Records contained in a dataset
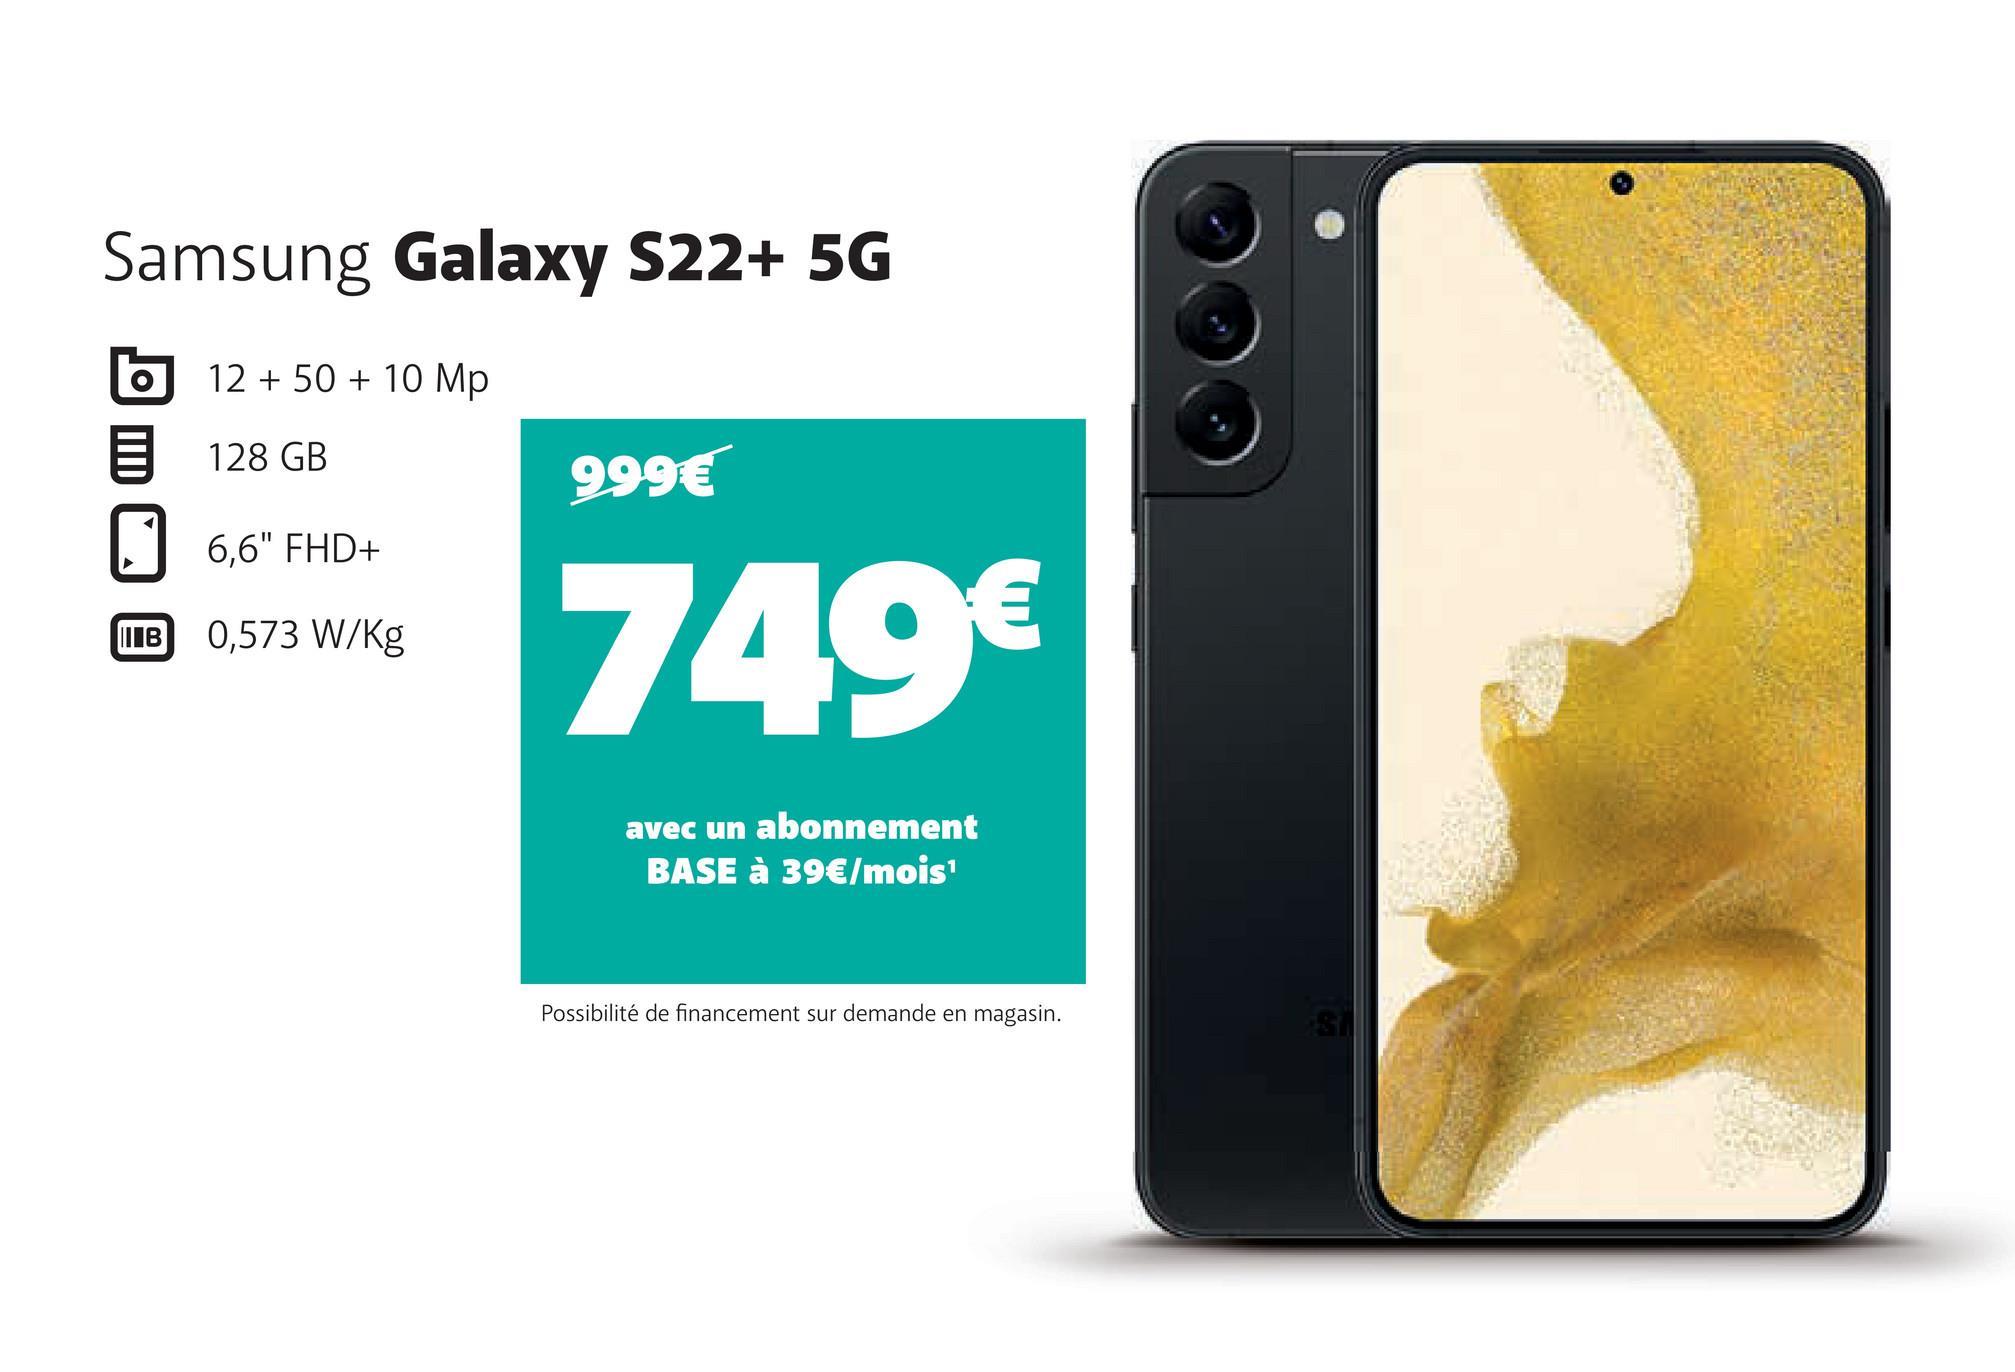 Samsung Galaxy S22+ 5G
12 + 50 + 10 Mp
128 GB
O
6,6" FHD+
B 0,573 W/Kg
999€
749€
avec un abonnement
BASE à 39€/mois¹
Possibilité de financement sur demande en magasin.
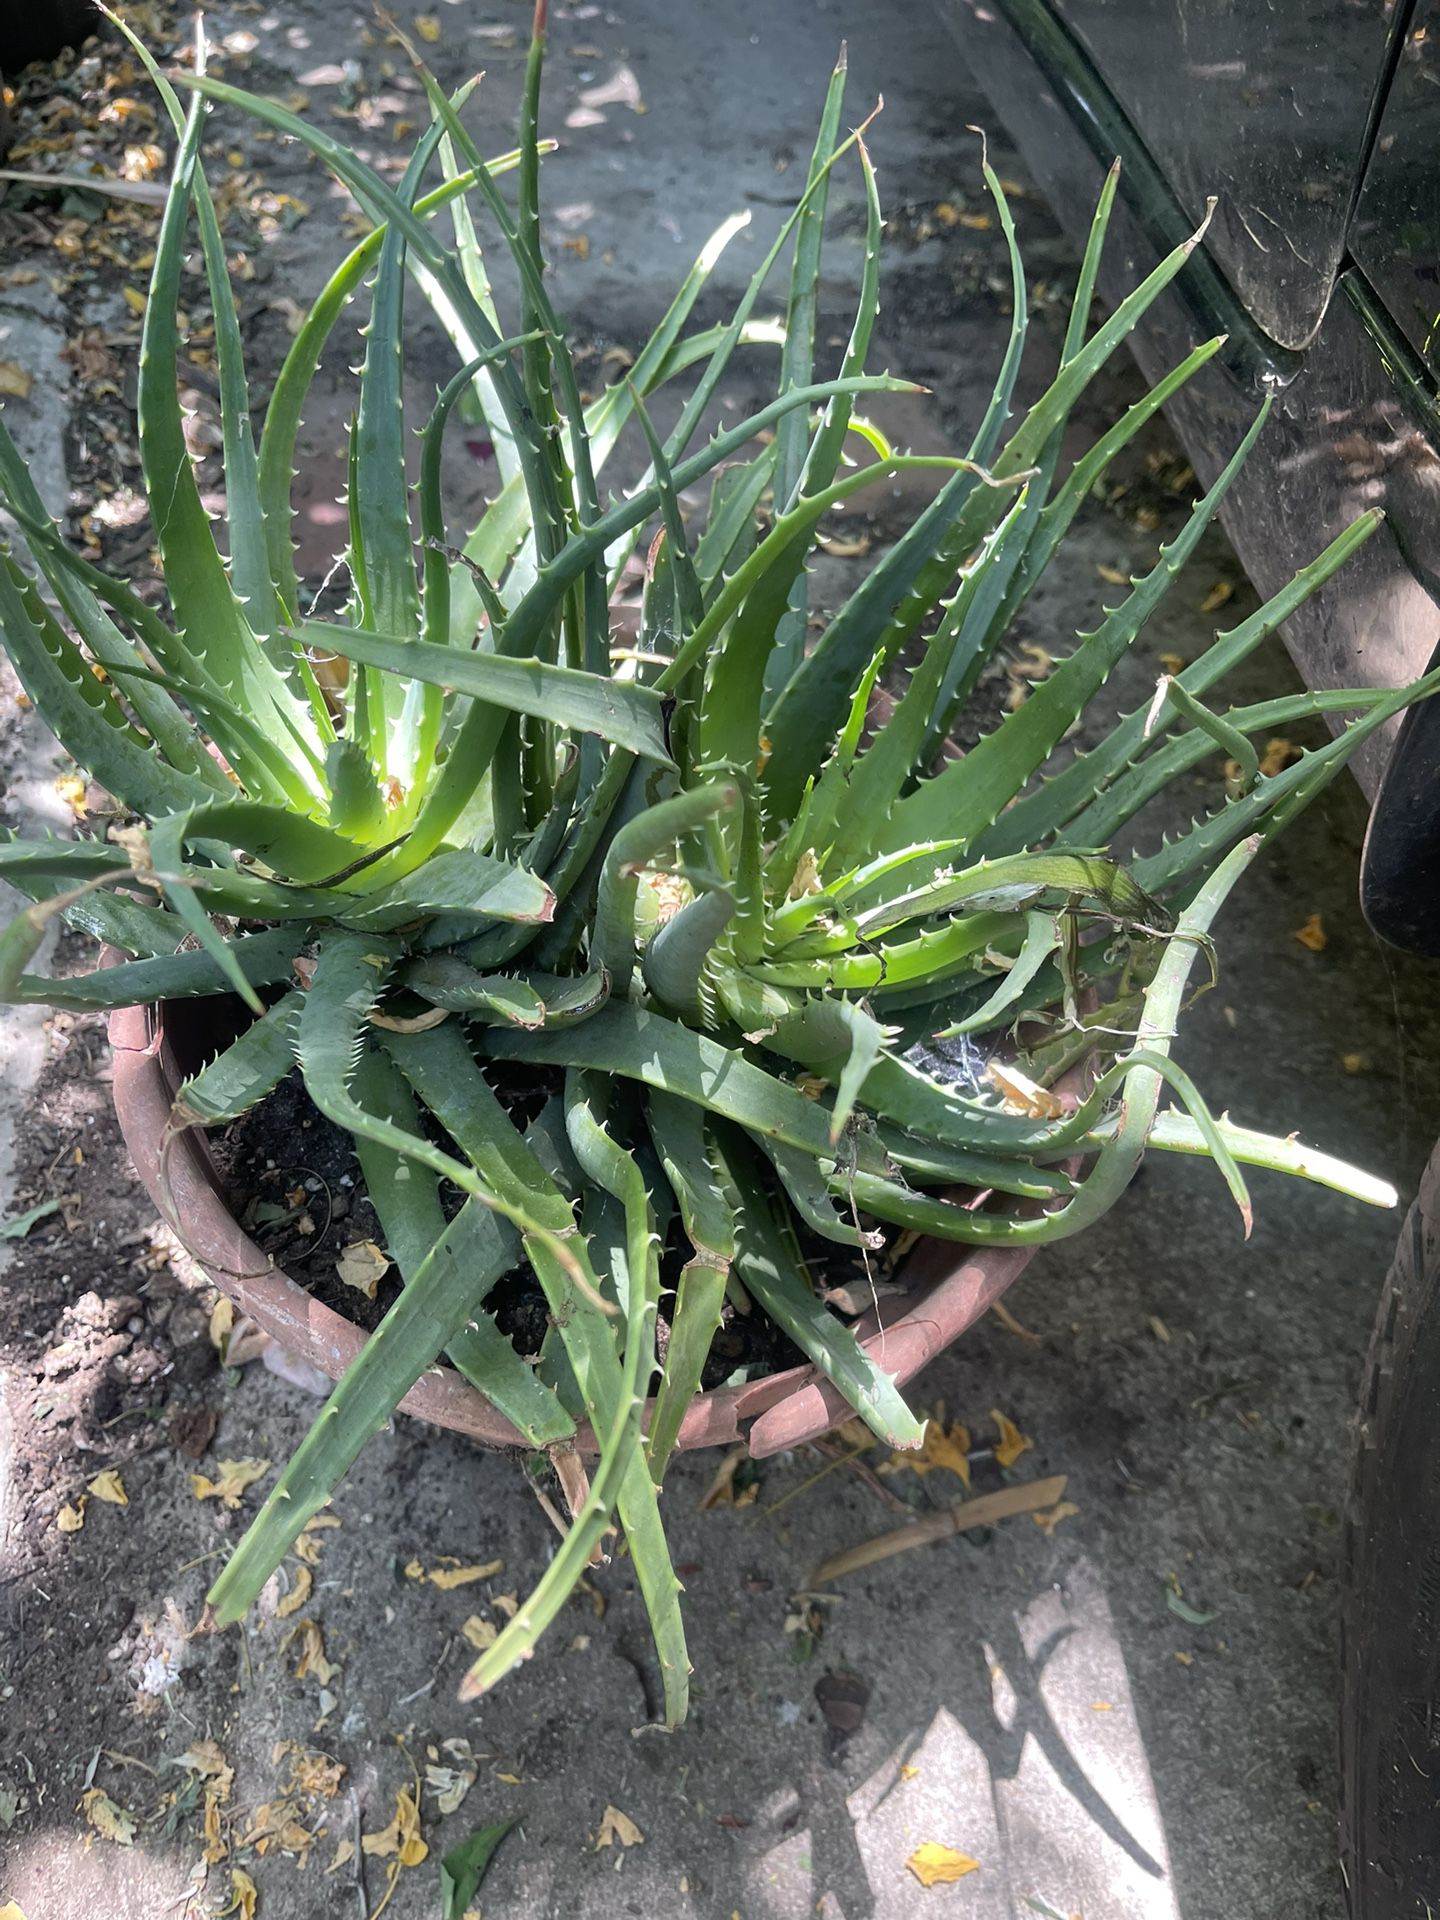 Aloe Vera Plant For Garden $8

→ **WHAT THIS TASK INVOLVES**: Could you restate each record word for word, keeping the pictures out?

→ **TASK RESPONSE**:
 Samsung Galaxy S22+ 5G
12 + 50 + 10 Mp
128 GB
O
6,6" FHD+
B 0,573 W/Kg
999€
749€
avec un abonnement
BASE à 39€/mois¹
Possibilité de financement sur demande en magasin.
 Aloe Vera Plant For Garden $8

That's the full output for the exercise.